By: Mohamed Salim Rotea
ACCRA, Ghana Sierra Leone’s Finance Minister, Sheku Fantamadi Bangura, has opened a new chapter in regional mining collaboration with a strategic visit to Ghana’s GoldBod headquarters. The meeting, held on Thursday, September 18, 2025, with GoldBod CEO Sammy Gyamfi, focused on how Sierra Leone could adapt Ghana’s gold management framework to curb smuggling, boost transparency, and increase government revenues.
Bangura praised Ghana’s “innovative steps to formalize and strengthen its gold sector,” describing the GoldBod model as a potential game-changer for Sierra Leone’s economy. “We’re interested in adopting mechanisms that ensure our minerals are properly accounted for, licensed, assayed, and exported at fair value,” he said.
GoldBod, established earlier this year under the GoldBod Act, is a state-backed institution with the authority to buy, assay, and export gold from licensed artisanal and small-scale miners. Its mandate includes reducing illegal gold flows, improving traceability, and increasing foreign exchange earnings, goals that align closely with Sierra Leone’s reform agenda.
Sammy Gyamfi welcomed the prospect of collaboration, offering to share technical expertise and institutional best practices. “Formalizing the gold trade through licensing, traceability, and responsible sourcing strengthens government oversight and builds investor confidence,” he said.
For Sierra Leone, adopting elements of the GoldBod model could deliver significant gains. Centralized buying and better traceability would not only raise state revenue but also reinforce anti-money-laundering (AML) controls an urgent priority for Bangura’s ministry, which currently chairs a regional AML body.
However, the model comes with trade-offs. Experts caution that centralization must be balanced with competitive market dynamics and protections for small-scale miners. Ghana itself has grappled with these tensions, offering Sierra Leone valuable lessons in designing inclusive reforms.
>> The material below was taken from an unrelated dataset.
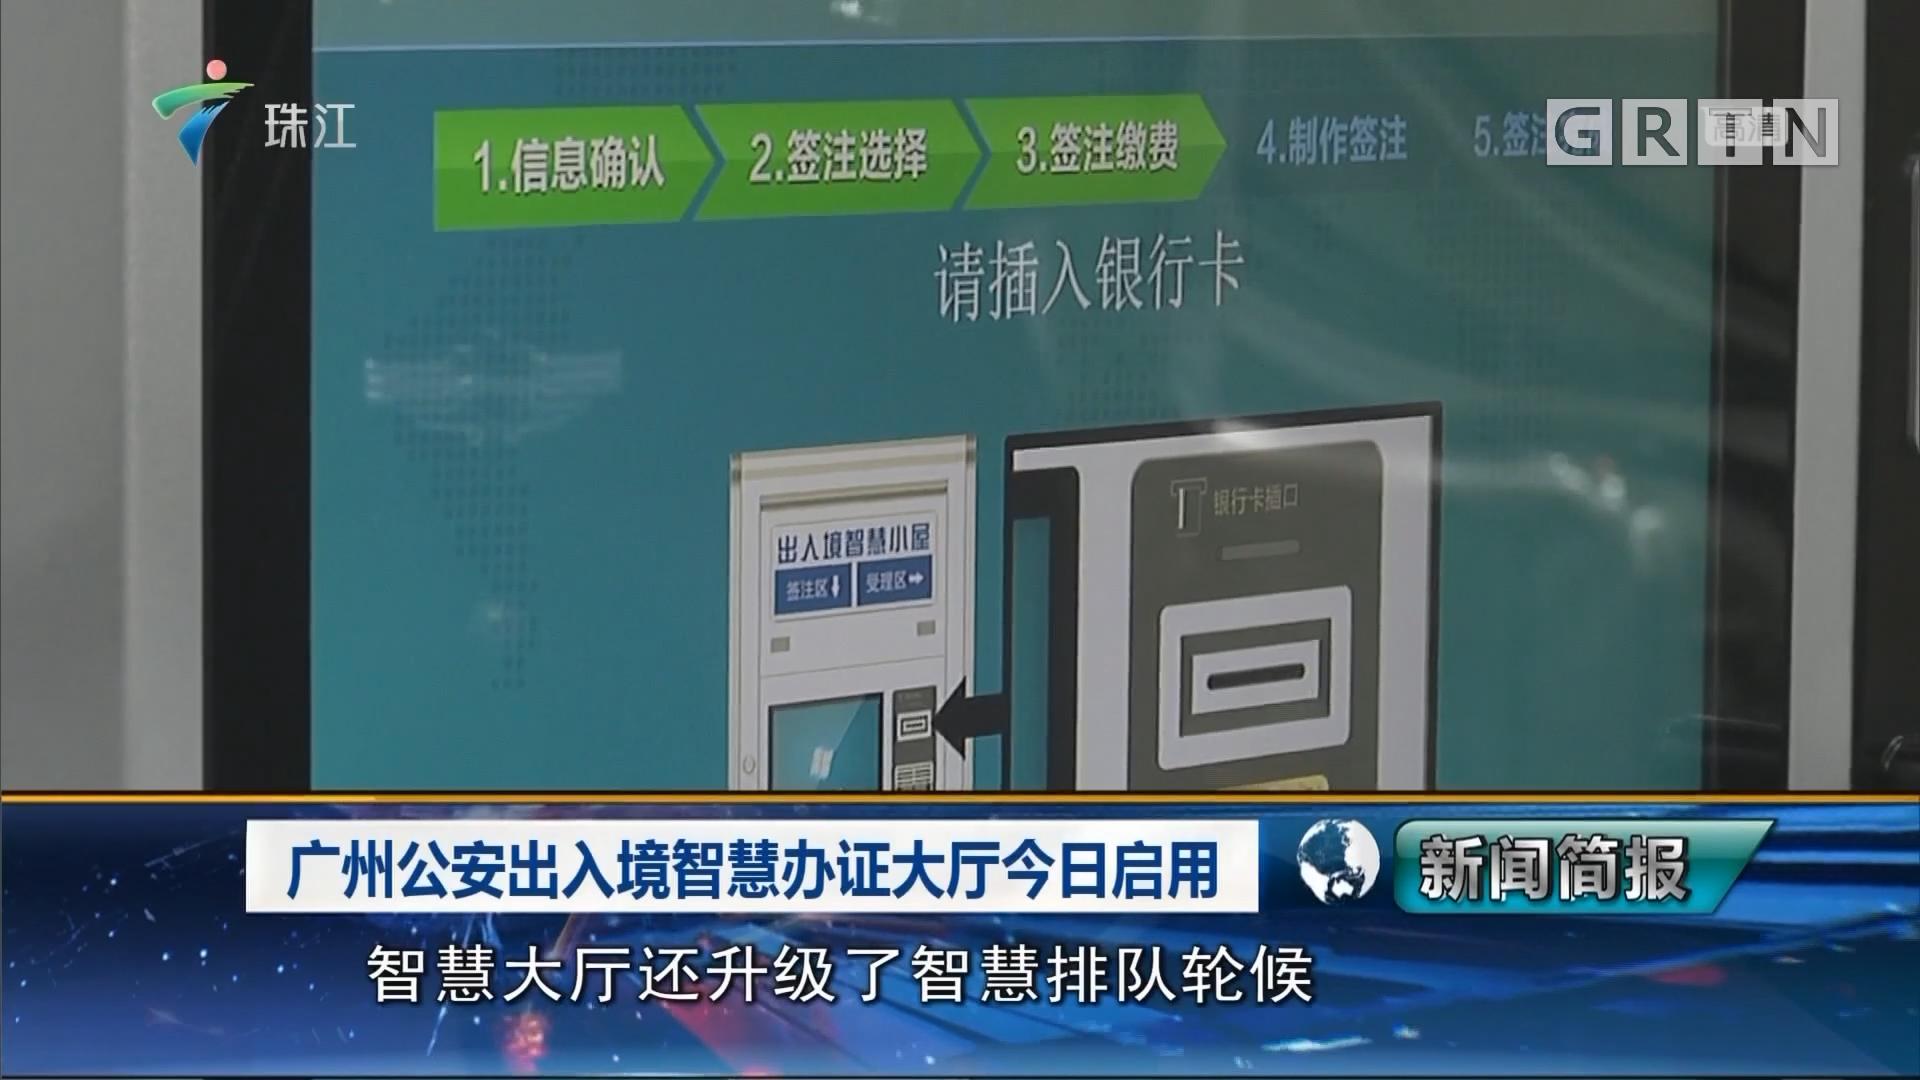 广州公安出入境智慧办证大厅今日启用

Both parties agreed to pursue technical exchanges and explore a formal memorandum of understanding (MoU) to define the scope of cooperation. Whether this leads to stronger oversight and better livelihoods for Sierra Leone’s mining communities will depend on transparent policy design, stakeholder engagement, and safeguards that protect the interests of artisanal miners.
As Sierra Leone looks to modernize its mining sector, Ghana’s GoldBod may offer more than a model, it could be a blueprint for transformation.